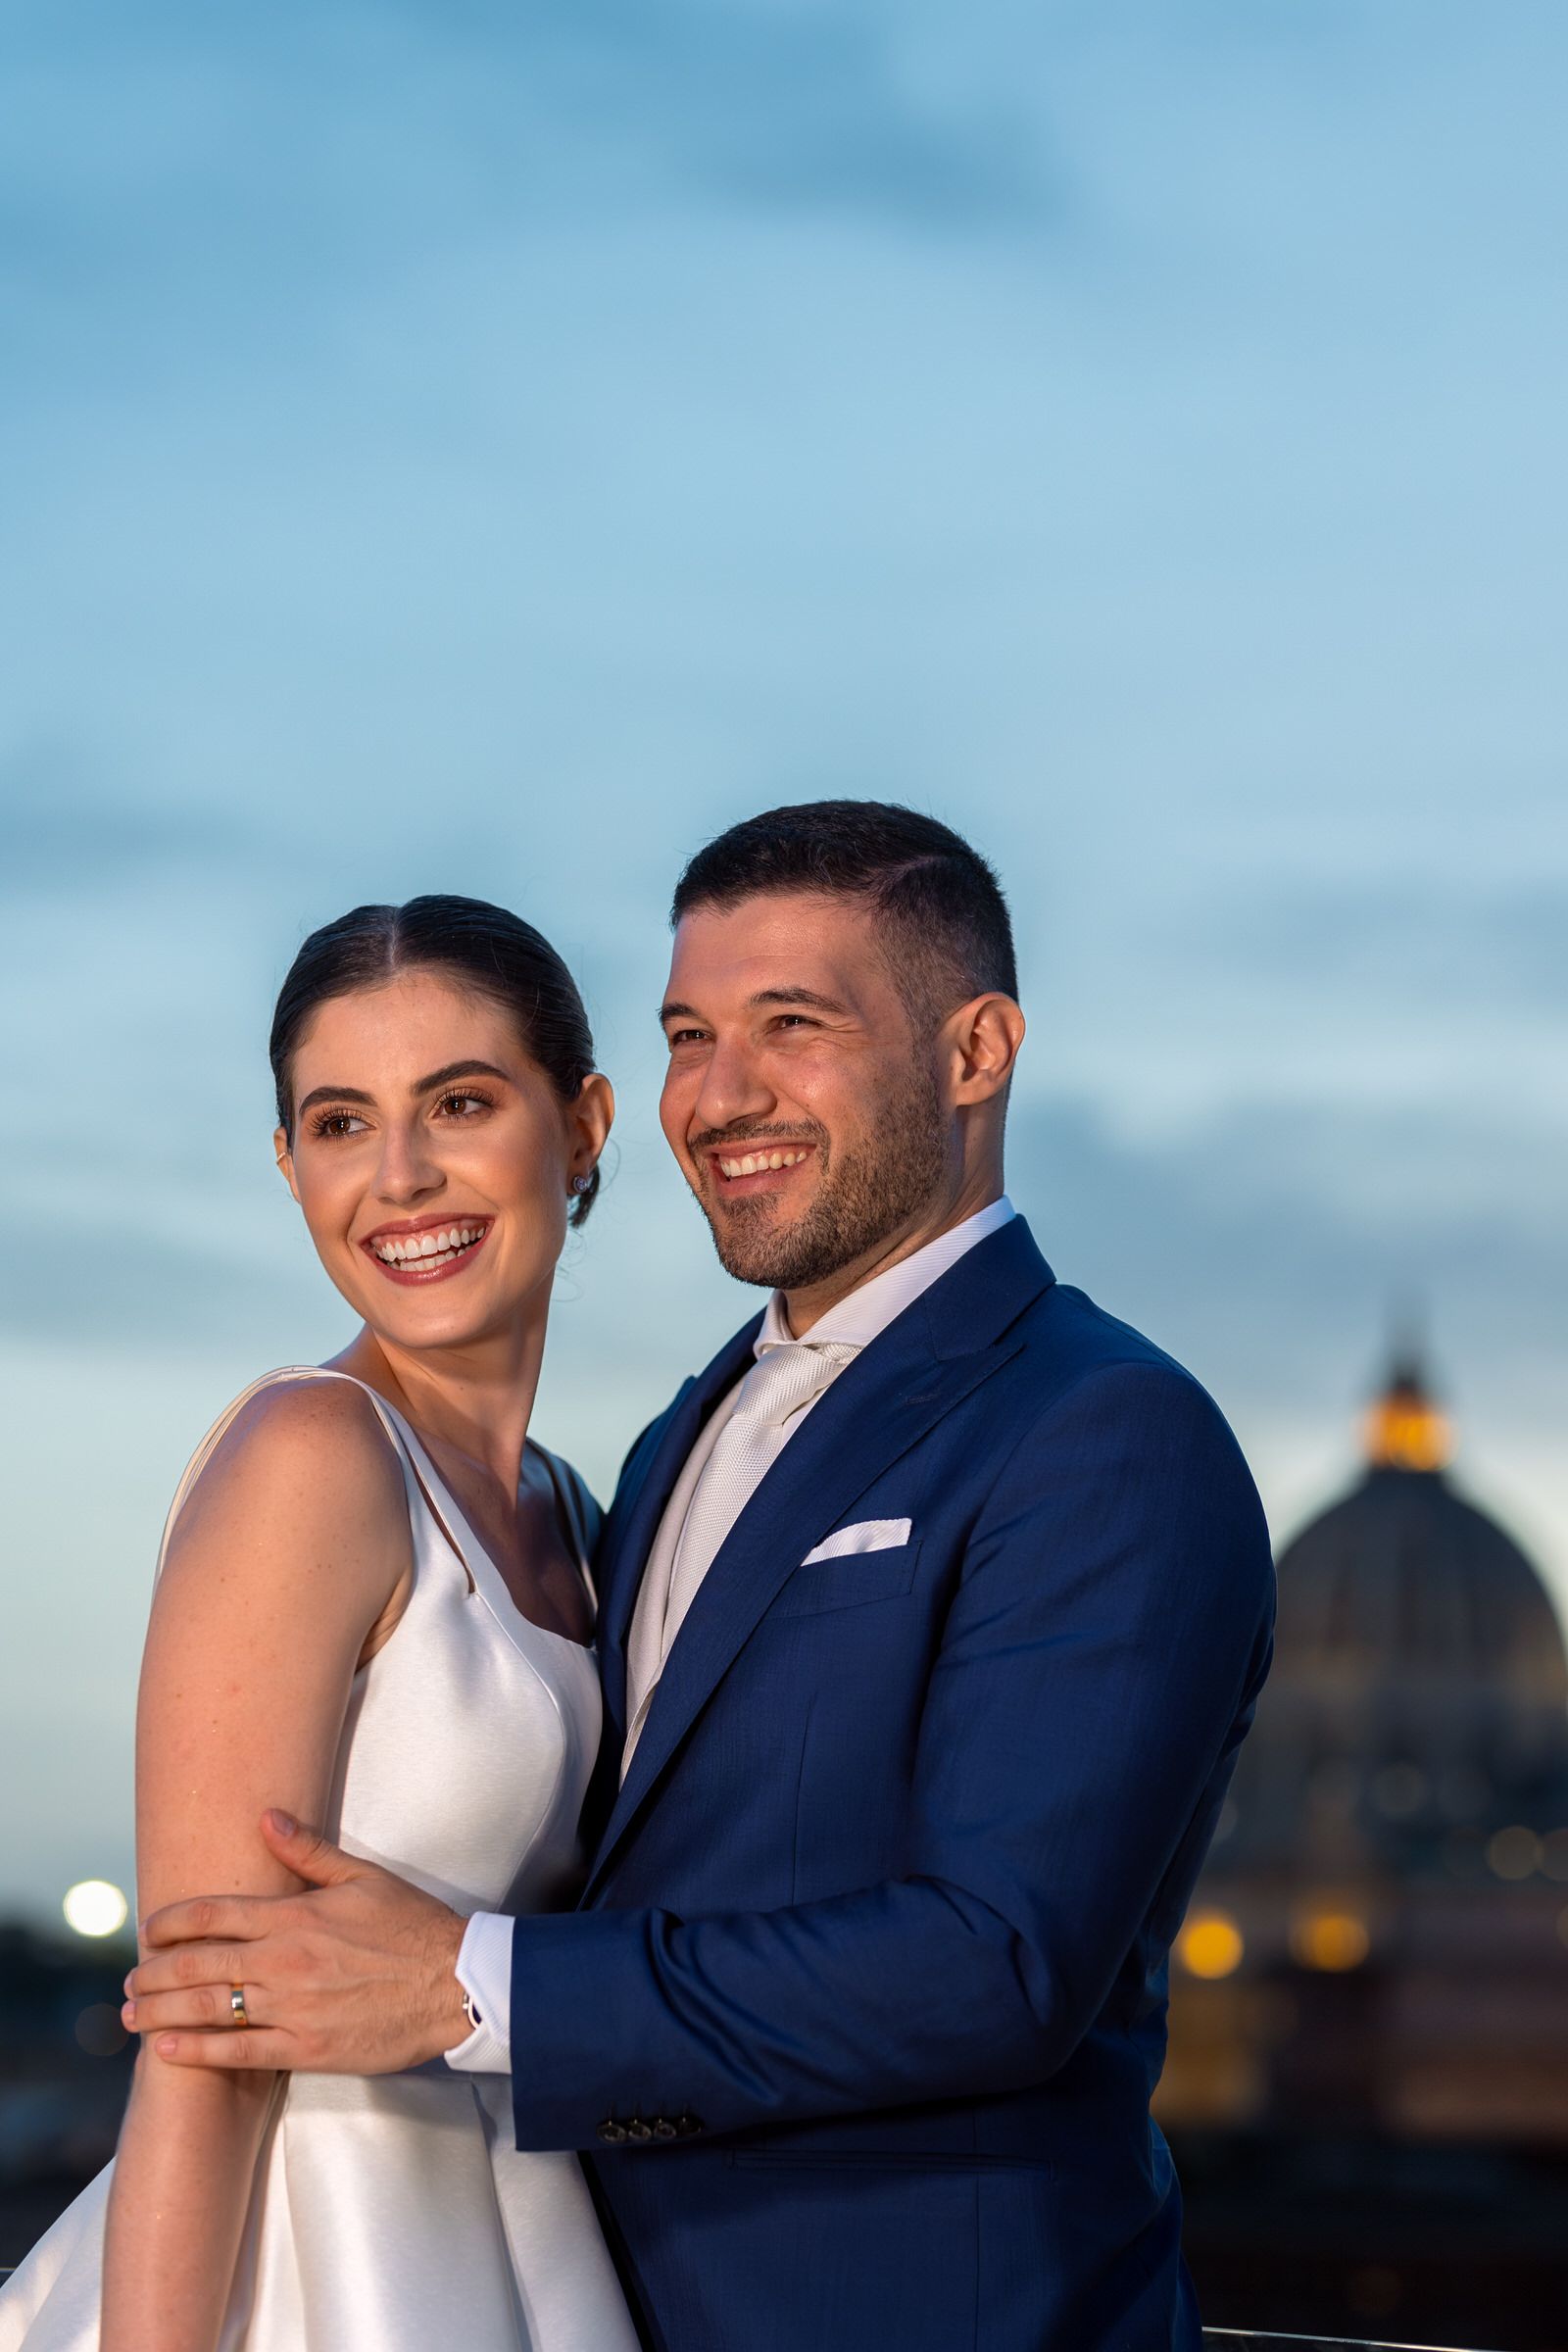 Casar em Roma
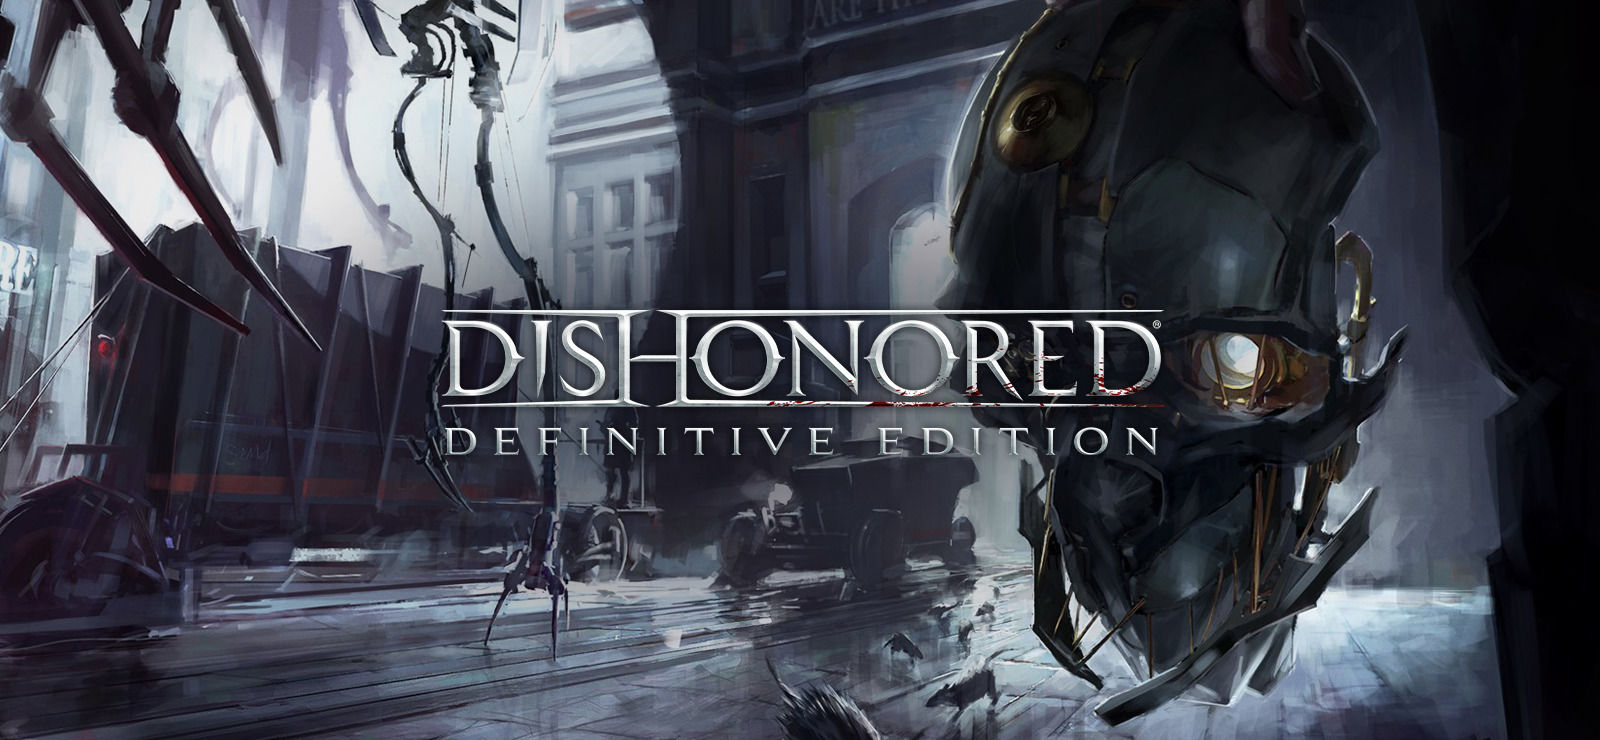 179 TL'lik Dishonored: Definitive Edition ücretsiz oldu
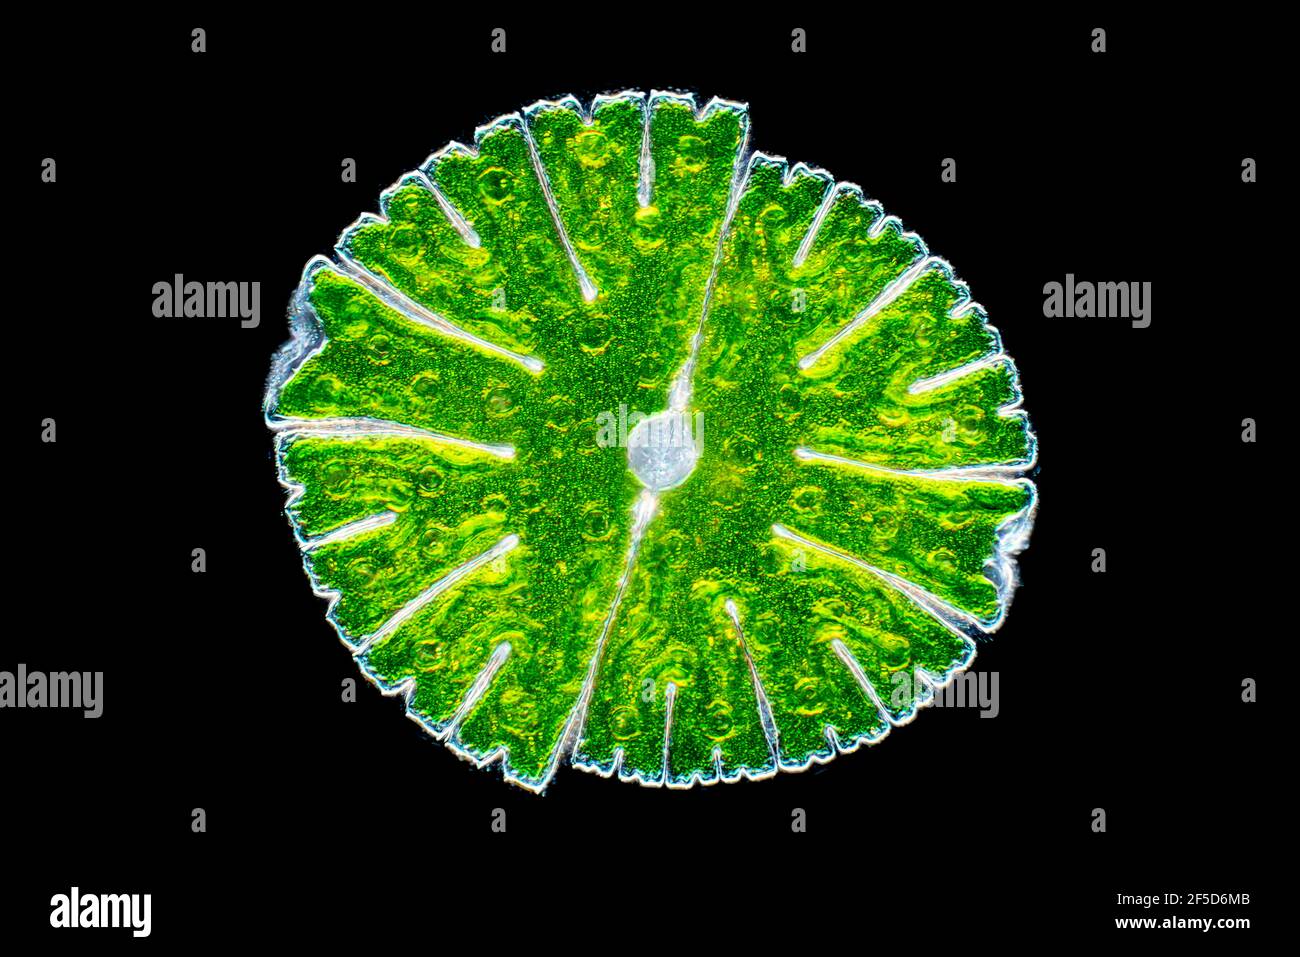 green alga (Micrasterias rotata), dark field microscopic image, magnification x100 related to 35 mm, Germany Stock Photo

Exercise
Could you repeat the listing above exactly, omitting its pictures?

Response to this exercise
 Casar em Roma
 179 TL'lik Dishonored: Definitive Edition ücretsiz oldu
 green alga (Micrasterias rotata), dark field microscopic image, magnification x100 related to 35 mm, Germany Stock Photo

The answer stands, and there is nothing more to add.